▶ EXERCISE GOAL
Set down the listing exactly as given, minus images.

--- INPUT DATA ---

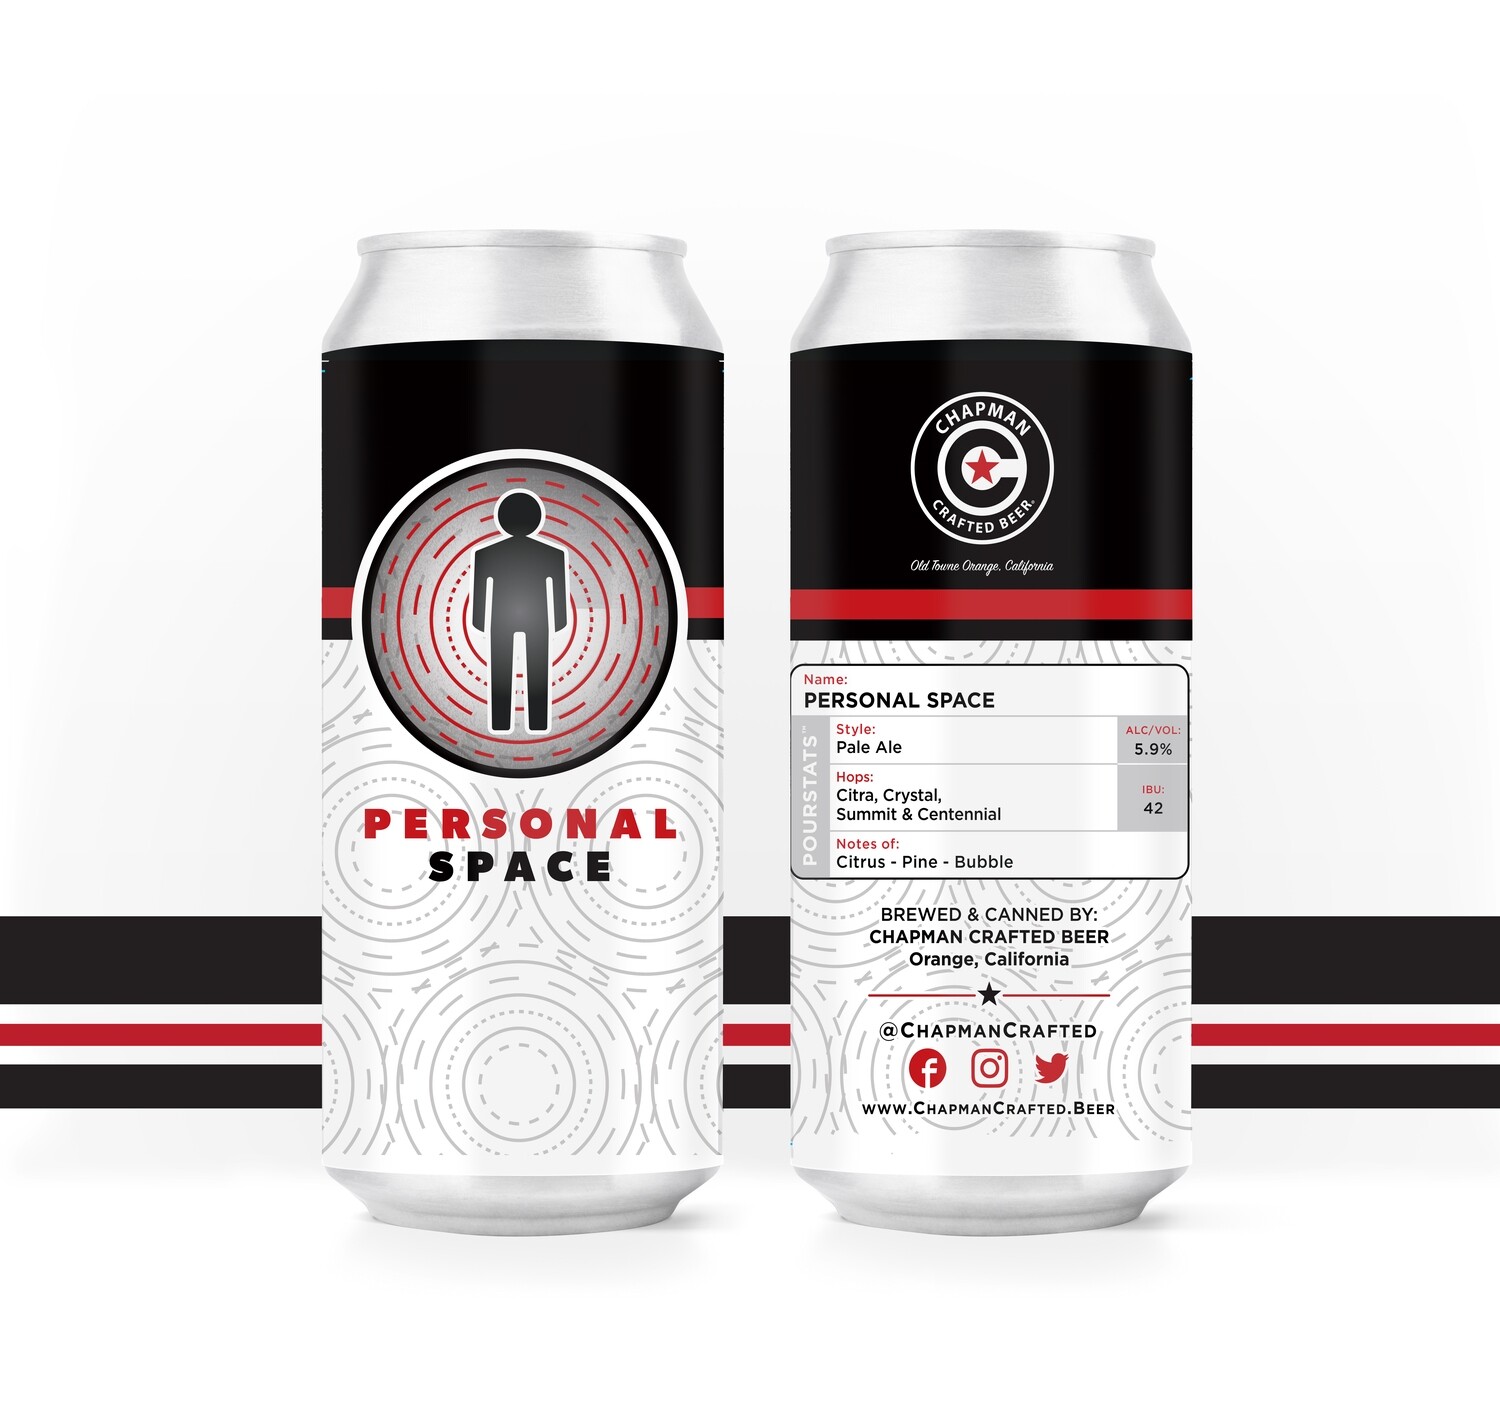 Personal Space full case (24 x 16oz. cans)
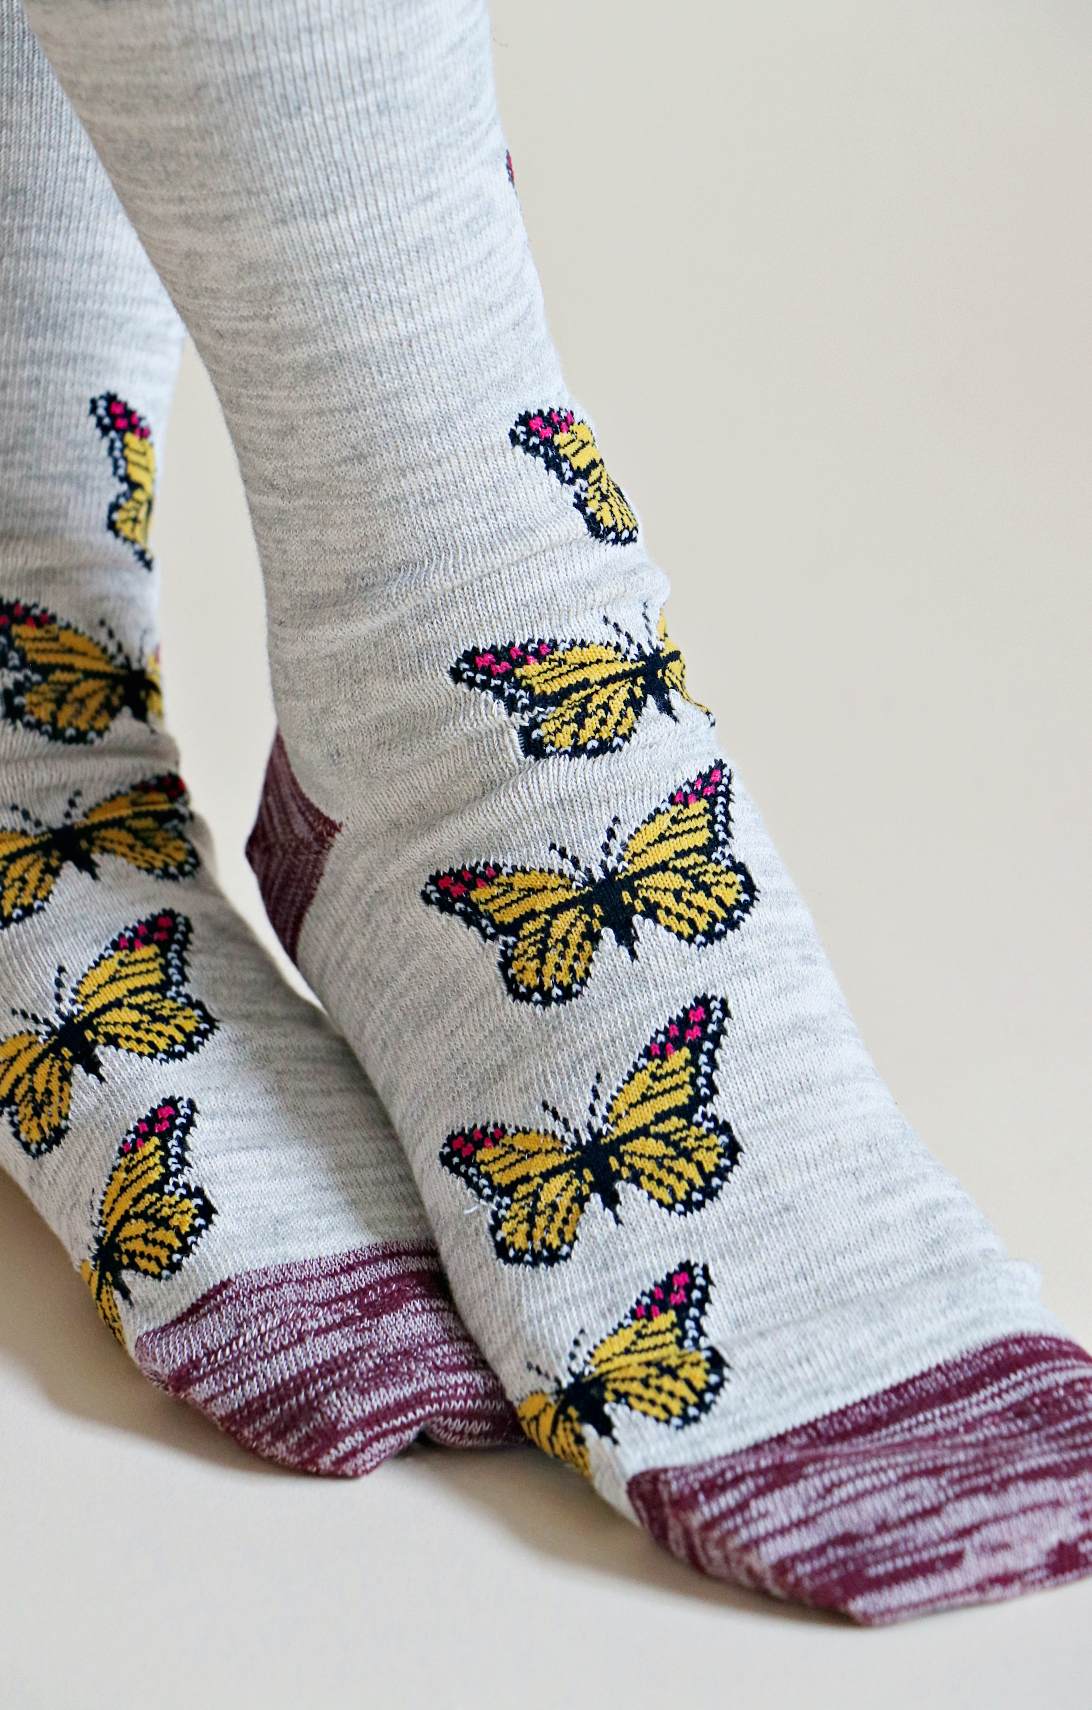 TABBISOCKS brand Replant Pairs "Monarch Butterfly" Organic Cotton Crew Socks with a yellow butterfly pattern with grayish-purple inserts at the mouth, toe and heel in an overall Light Grey color. The socks have a yellow butterfly pattern with grayish-purple inserts at the mouth, toe, and heel.
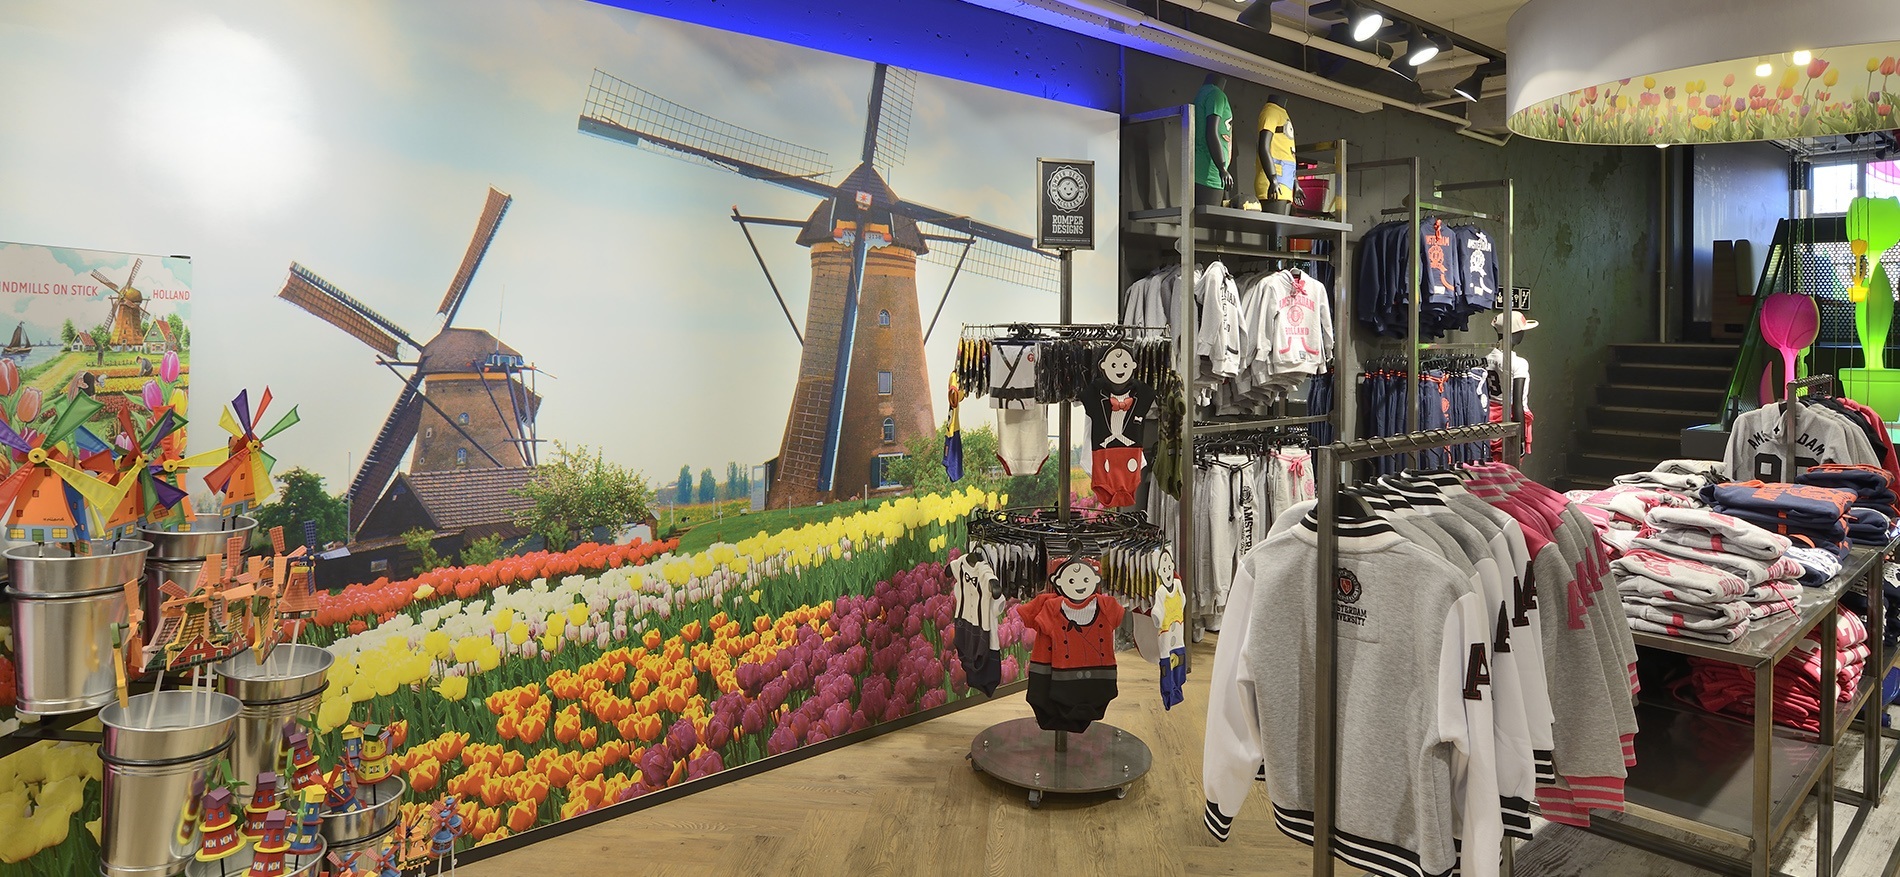 Shopping is toll: Amsterdam Designs - Mode

---

▶ WRITTEN SOLUTION
 Personal Space full case (24 x 16oz. cans)
 TABBISOCKS brand Replant Pairs "Monarch Butterfly" Organic Cotton Crew Socks with a yellow butterfly pattern with grayish-purple inserts at the mouth, toe and heel in an overall Light Grey color. The socks have a yellow butterfly pattern with grayish-purple inserts at the mouth, toe, and heel.
 Shopping is toll: Amsterdam Designs - Mode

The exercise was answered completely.